Он поднимает глаза, и в них – не наглость, не обида. Какая-то мужская растерянность, взрослая. Такая, какую я не видела от него лет десять.
– Я тоже знаю, что ты не пушистый кролик. Что ты можешь врезать словом похлеще пощечины. Что ты всегда держишь все в себе, пока не рванет. Мы с тобой… Надь, мы друг друга добивали молча. А потом, когда уже все дымилось, я, как идиот, пошел искать кислород в другой комнате.
Он делает шаг ближе. Не хватает меня, не давит. Просто стоит. Чуть опустив голову.
– Но мы сейчас… мы нужны друг другу. И Лере. Она ведь не просила нас разводиться. Может… попробовать вернуть все?

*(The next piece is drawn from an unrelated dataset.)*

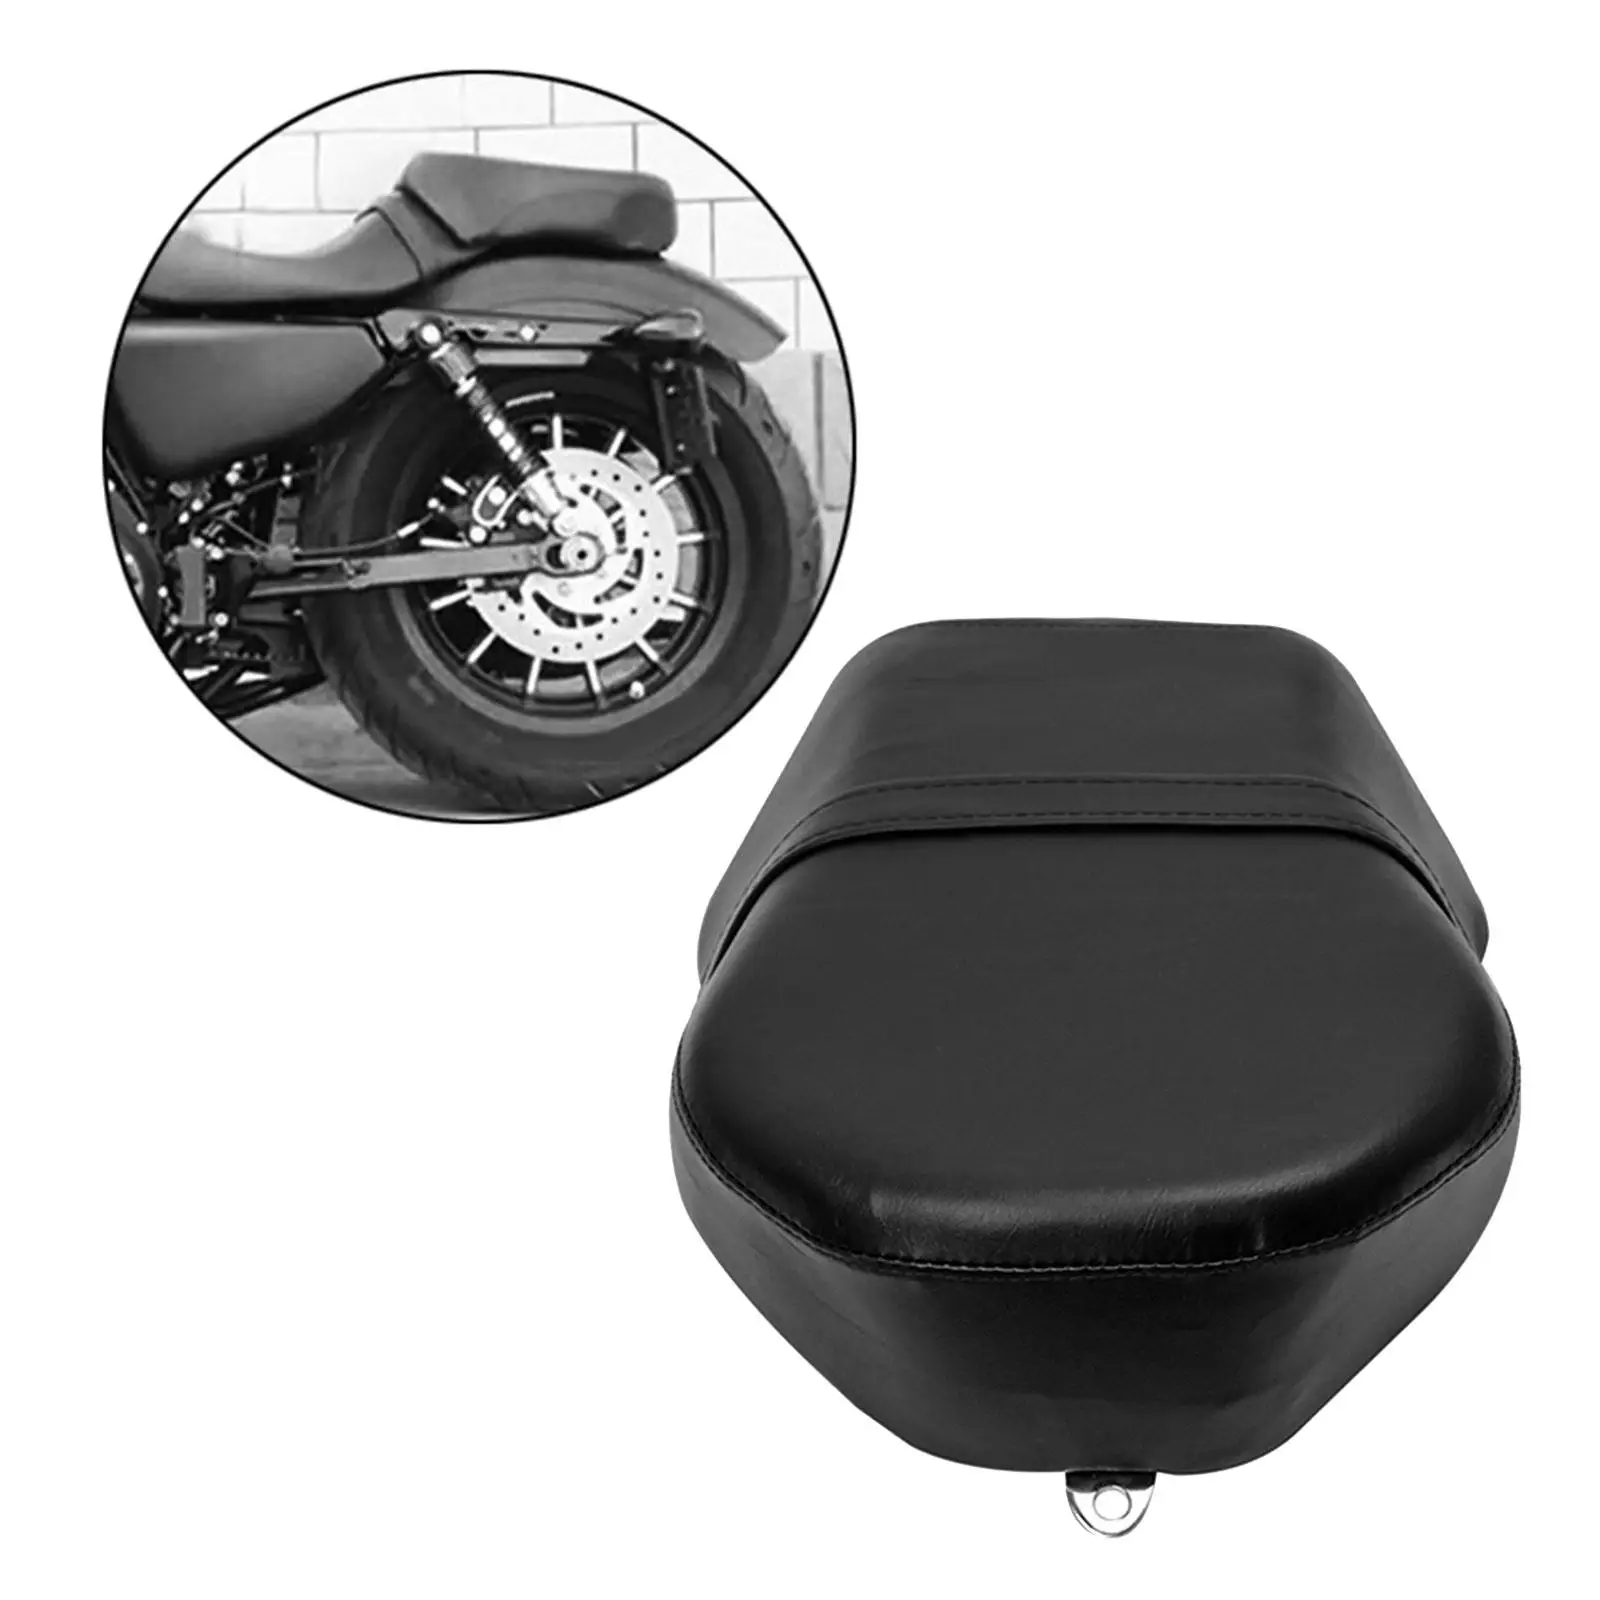 Motorcycle Pillion Cushion Pad Black for Harley Sportster Replacement

– Я уже баллон с кислородом давно поменяла, а старый выкинула. Так что спокойной ночи, Сереж. Позвони, чтоб тебе там кровать уже грели?
Натягиваю улыбку.
– Если завтра к обеду не обьявишься – я сам приеду.

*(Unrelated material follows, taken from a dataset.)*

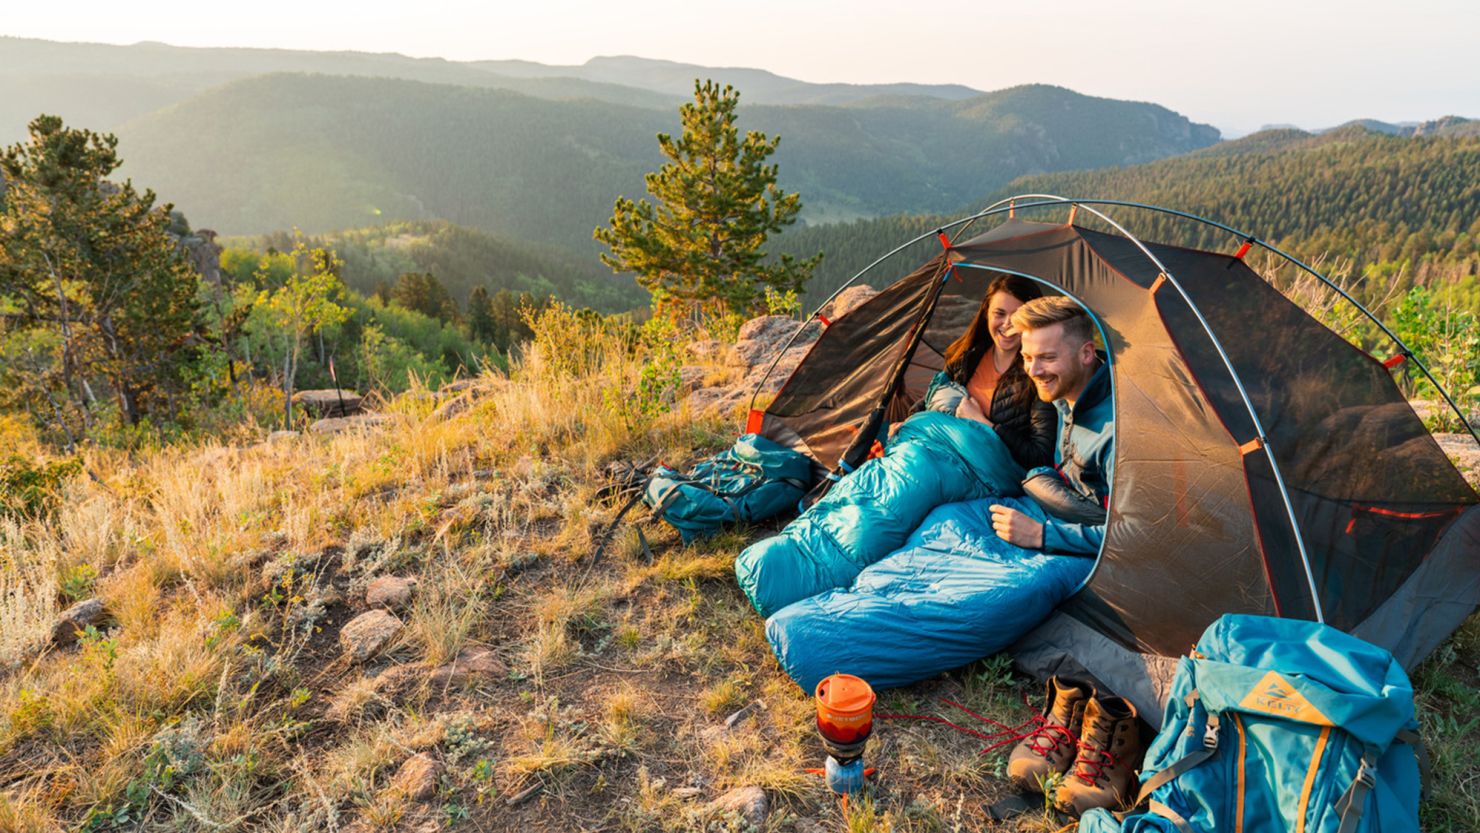 The Best Gear and Gadgets for Summer Camping

Он берет свою куртку, не глядя на меня, и идет к выходу.
Что-то стучит.
Тихо, не резко, но достаточно, чтобы я распахнула глаза.
Уже светло.
Лера проснулась?
Скидываю одеяло, нахожу халат и босиком, на цыпочках, выхожу из спальни.
Лестница отзывается слабым поскрипыванием, когда я спускаюсь.
Лера стоит у плиты, заваривает чай. В руках кружка, плечи чуть подняты, как будто ей холодно или страшно.
Она оборачивается – и вздрагивает, чуть не роняя кружку.
– Мам… ты чего не спишь?
– Тот же вопрос к тебе, – подхожу ближе. – Ты в такое время обычно спишь.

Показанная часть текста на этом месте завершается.